### DATASET CONTENT
((
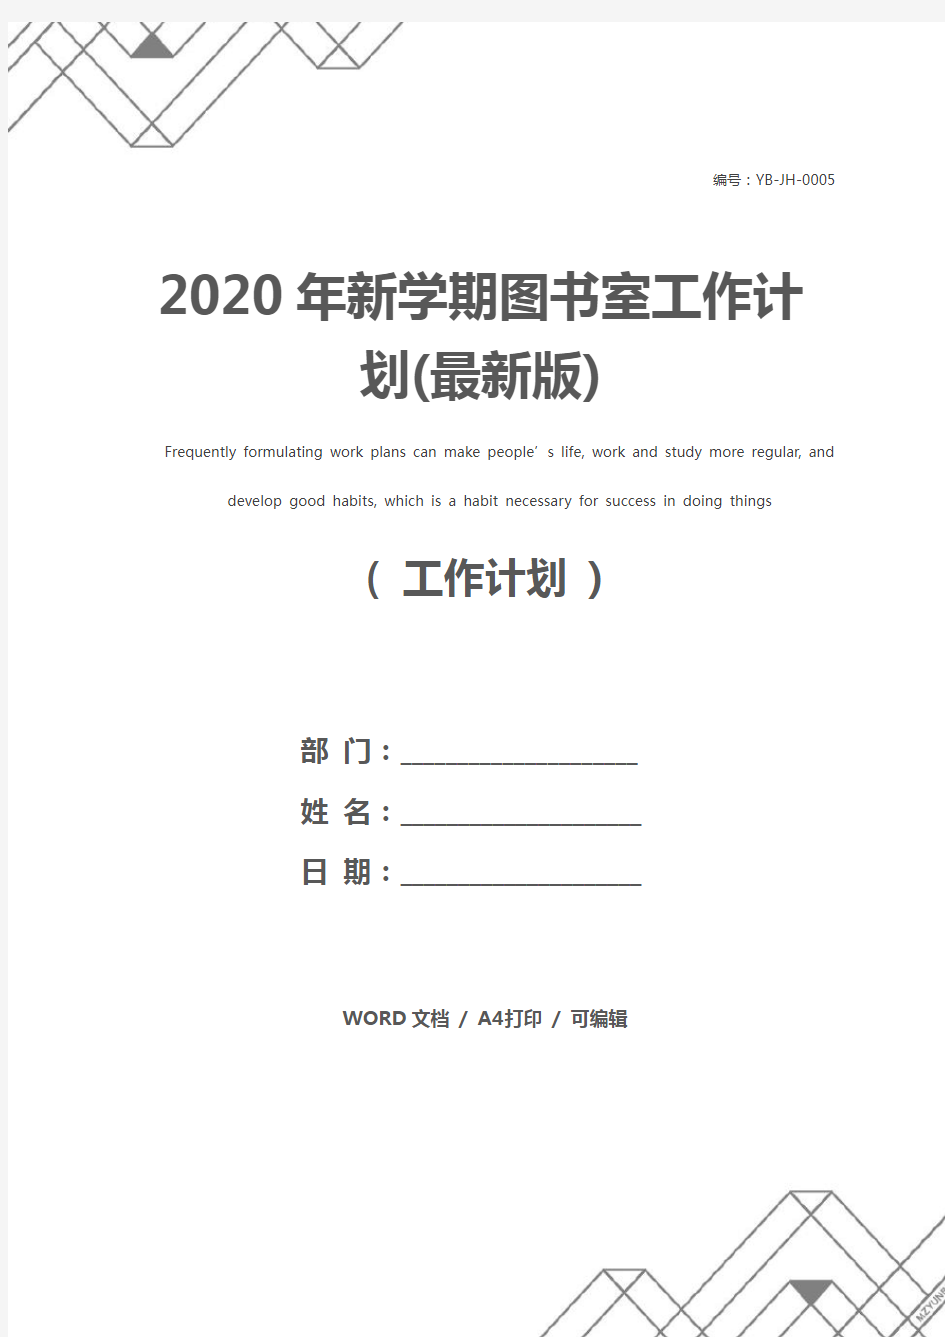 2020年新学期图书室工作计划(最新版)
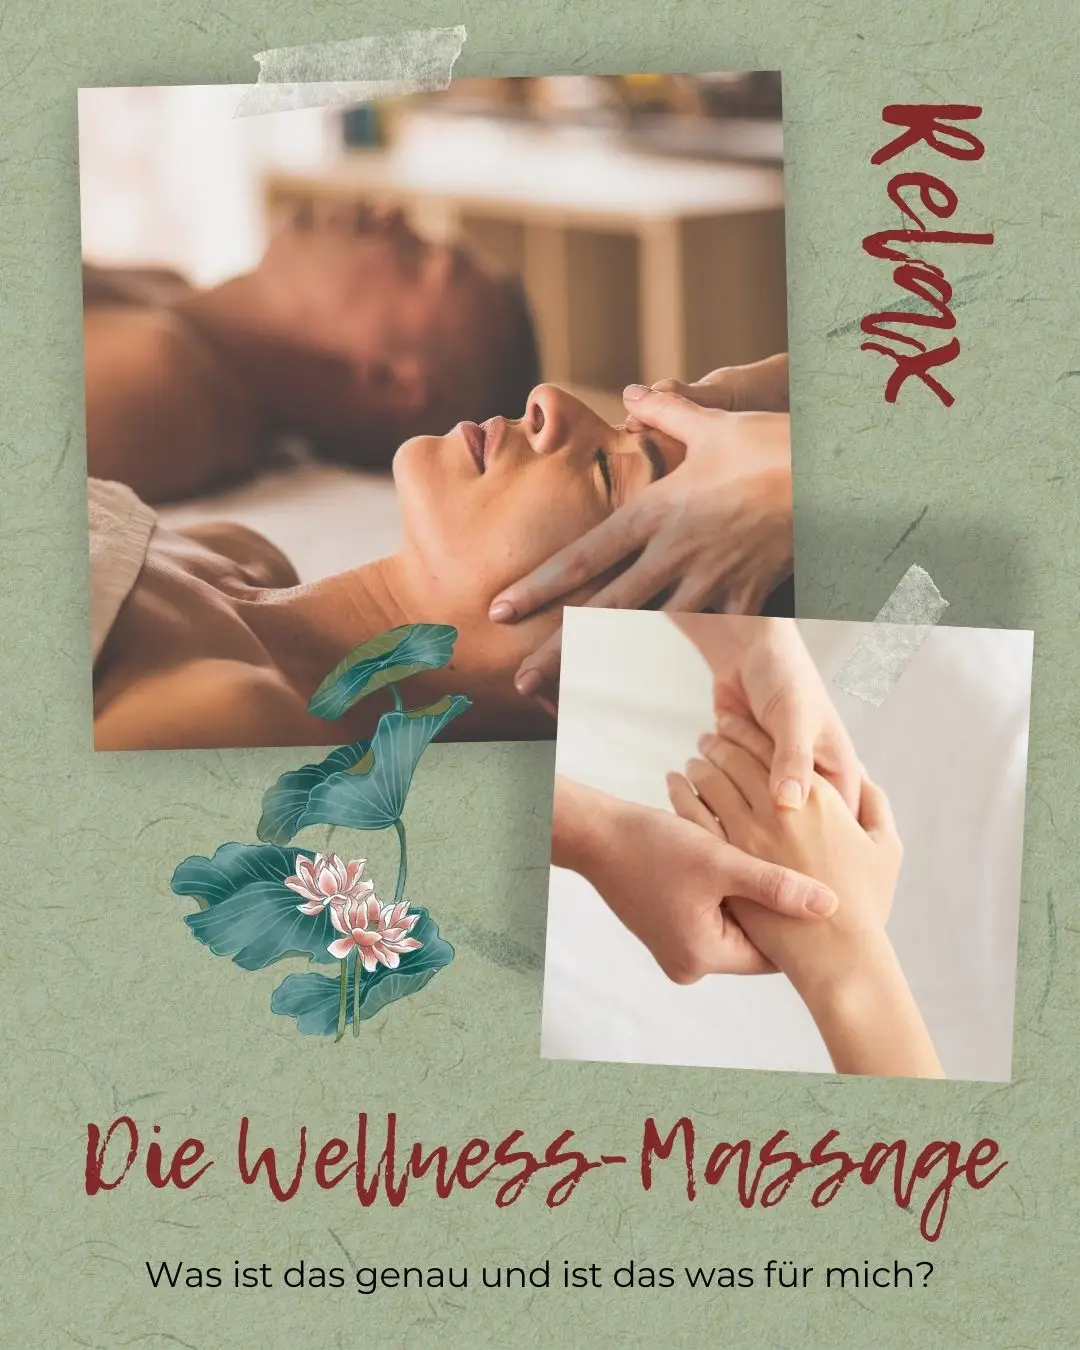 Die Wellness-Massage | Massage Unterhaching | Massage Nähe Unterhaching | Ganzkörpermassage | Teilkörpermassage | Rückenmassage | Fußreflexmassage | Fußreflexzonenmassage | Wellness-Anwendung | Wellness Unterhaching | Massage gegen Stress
))
((
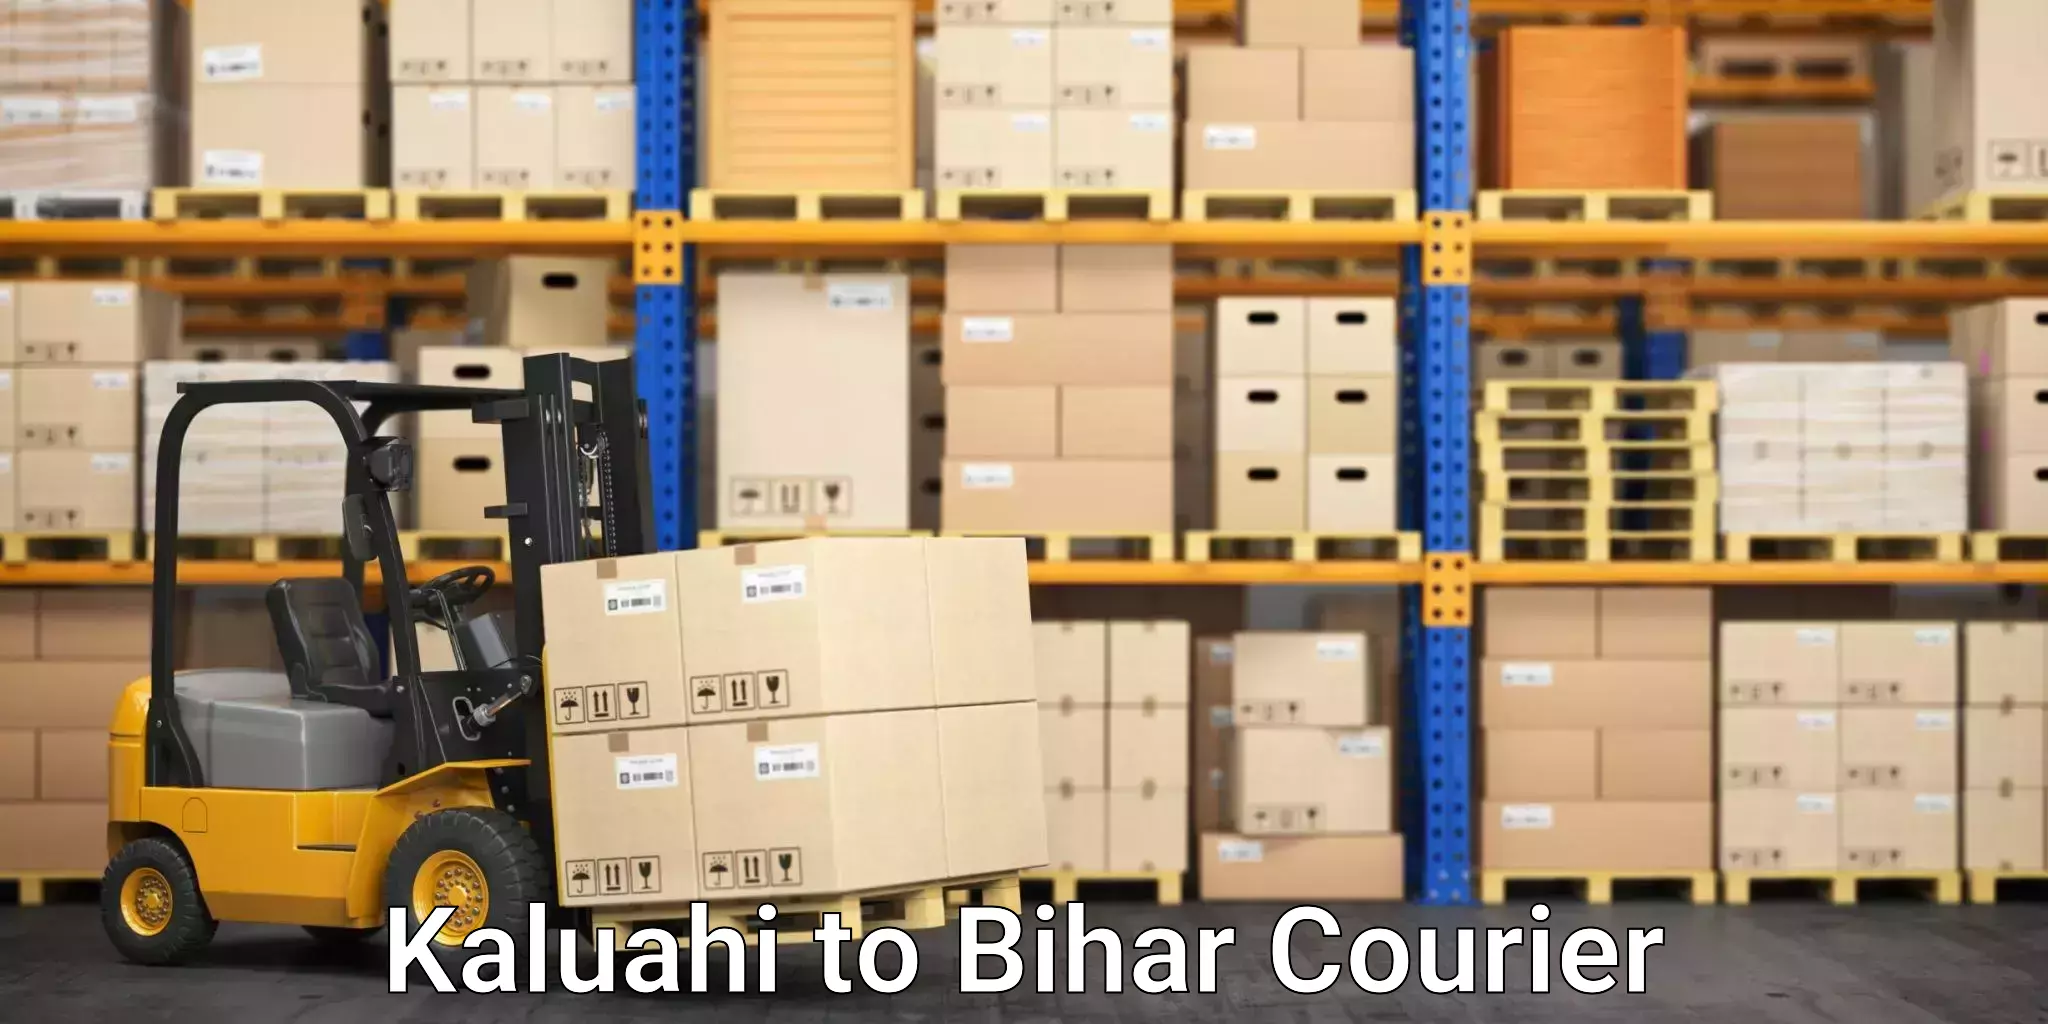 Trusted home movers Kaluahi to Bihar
))
### WHAT IS BEING ASKED
Within the listing above, find the line containing "2020年新学期图书室工作计划(最新版)" and the line containing "Die Wellness-Massage |". Transcribe them and everything between them exactly, leaving out the pictures.

### THE ANSWER
 2020年新学期图书室工作计划(最新版)
 Die Wellness-Massage | Massage Unterhaching | Massage Nähe Unterhaching | Ganzkörpermassage | Teilkörpermassage | Rückenmassage | Fußreflexmassage | Fußreflexzonenmassage | Wellness-Anwendung | Wellness Unterhaching | Massage gegen Stress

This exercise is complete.